Input data:
====
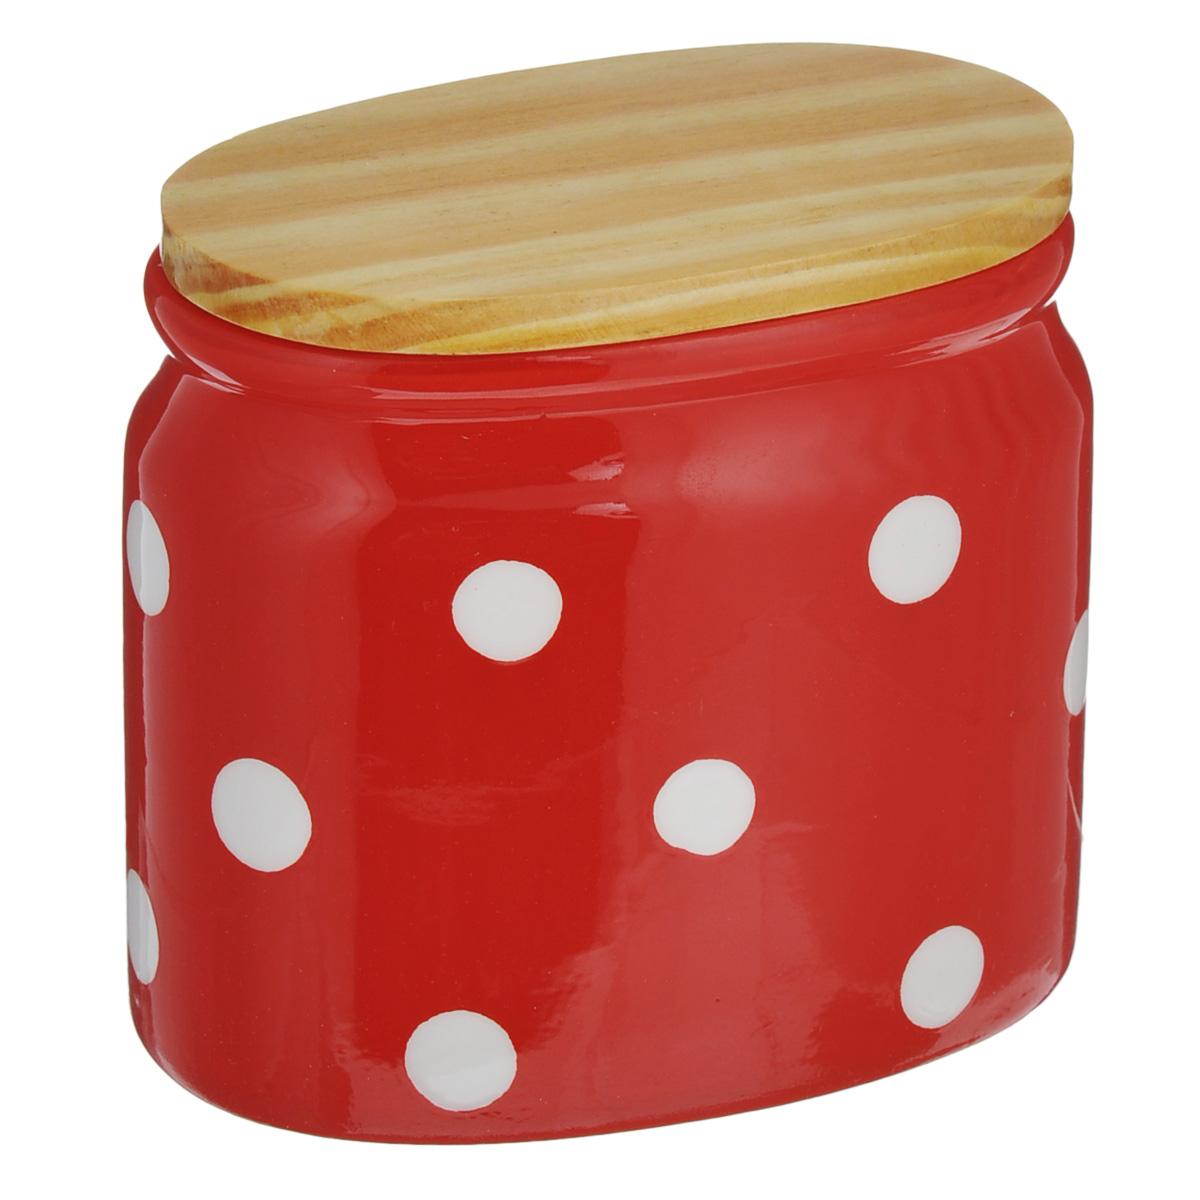 Банка для сыпучих продуктов Lillo, цвет: красный, 430 млDFC03840-02252 5/SБанка для сыпучих продуктов Lillo изготовлена из высококачественной керамики. Банка декорирована принтом в горох и оснащена деревянной крышкой. Изделие предназначено для хранения различных сыпучих продуктов: круп, чая, сахара, орехов и многого другого. Функциональная и вместительная, такая банка станет незаменимым аксессуаром на любой кухне. Можно мыть в посудомоечной машине. Деревянную крышку рекомендуется мыть вручную. Объем: 430 мл.Размер банки (по верхнему краю): 11 см х 6,5 см.Высота банки (без учета крышки): 10 см.
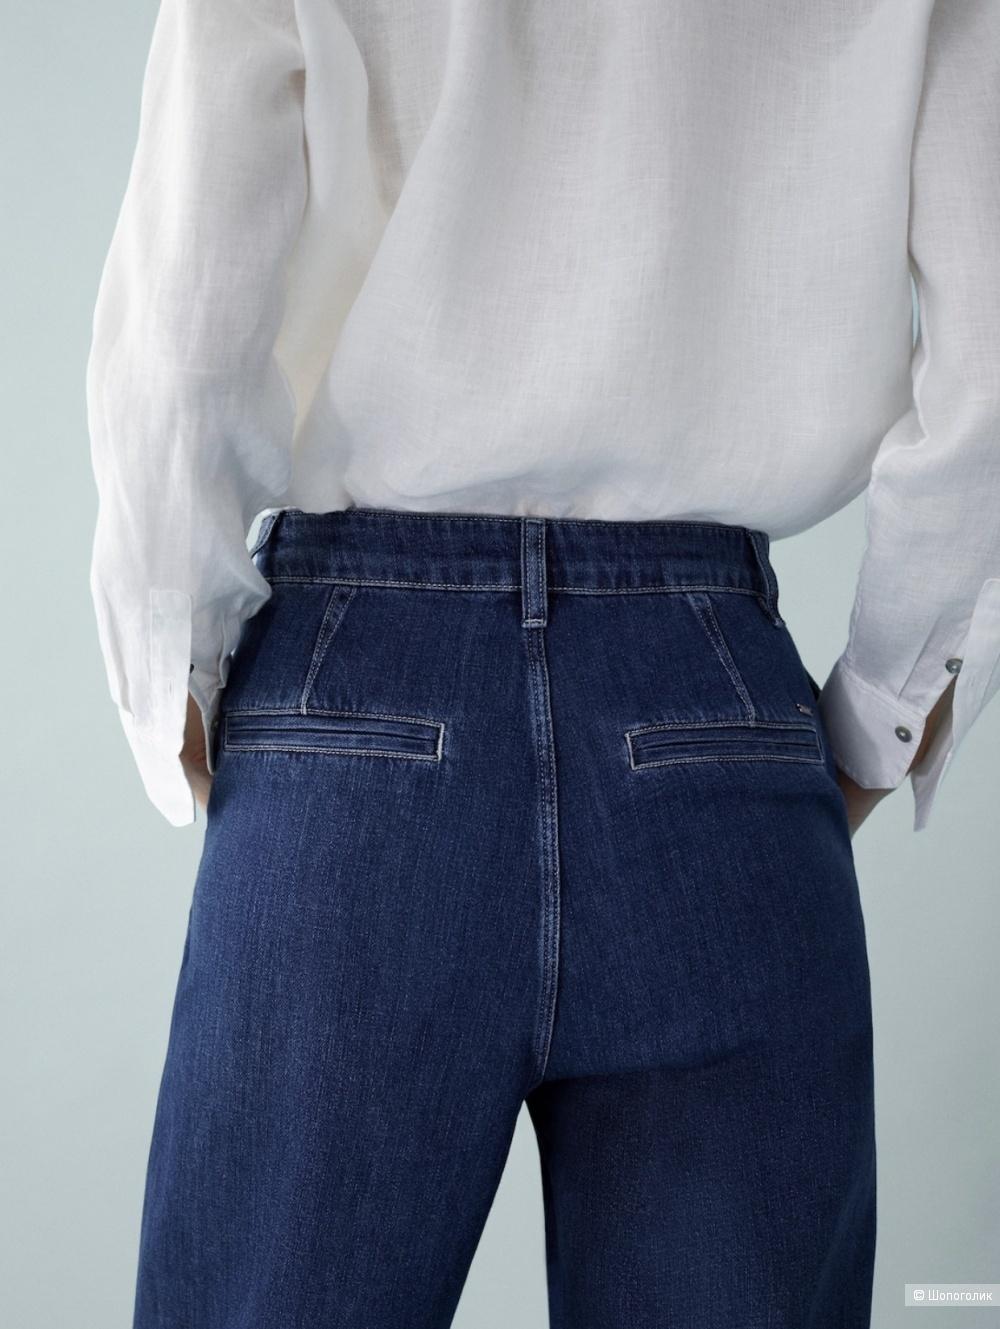 Джинсы Massimo Dutti,44-46 размер.
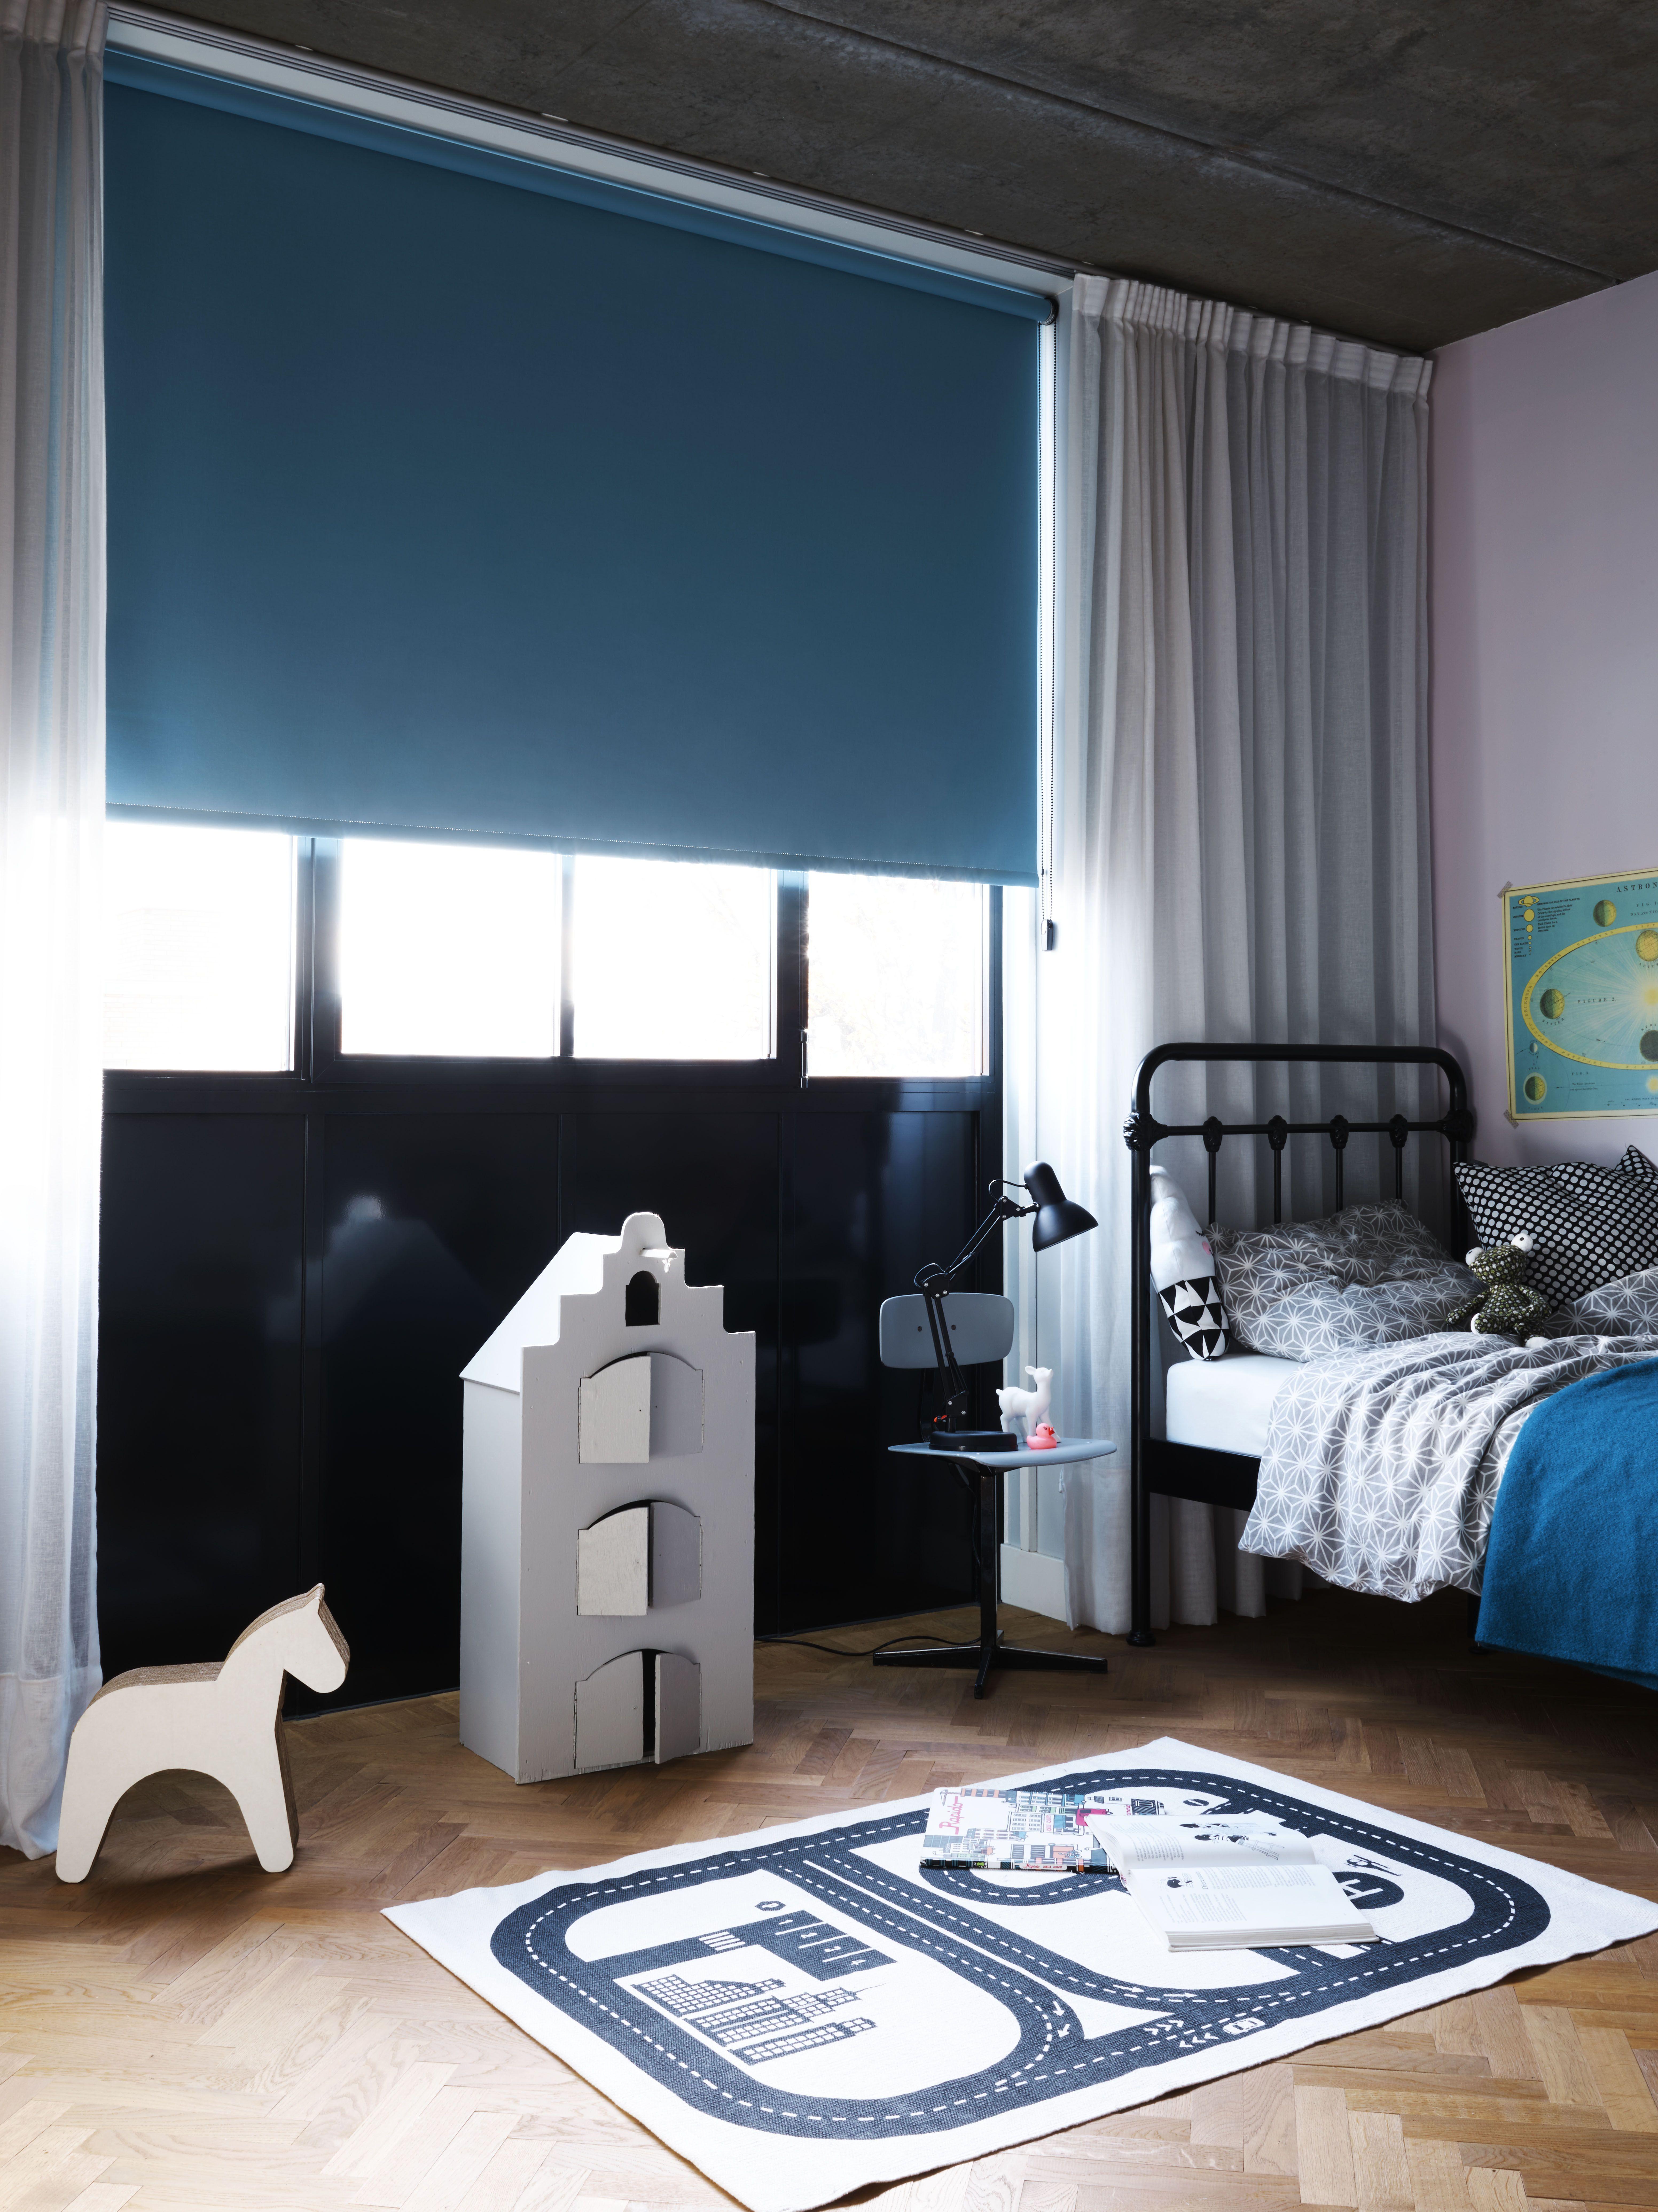 Stoer blauw rolgordijn voor op de slaapkamer www.bece.nl - Feeling ...
====
Instructions to follow: Transcribe all of the material exactly and leave out its pictures.

Answer section:
 Банка для сыпучих продуктов Lillo, цвет: красный, 430 млDFC03840-02252 5/SБанка для сыпучих продуктов Lillo изготовлена из высококачественной керамики. Банка декорирована принтом в горох и оснащена деревянной крышкой. Изделие предназначено для хранения различных сыпучих продуктов: круп, чая, сахара, орехов и многого другого. Функциональная и вместительная, такая банка станет незаменимым аксессуаром на любой кухне. Можно мыть в посудомоечной машине. Деревянную крышку рекомендуется мыть вручную. Объем: 430 мл.Размер банки (по верхнему краю): 11 см х 6,5 см.Высота банки (без учета крышки): 10 см.
 Джинсы Massimo Dutti,44-46 размер.
 Stoer blauw rolgordijn voor op de slaapkamer www.bece.nl - Feeling ...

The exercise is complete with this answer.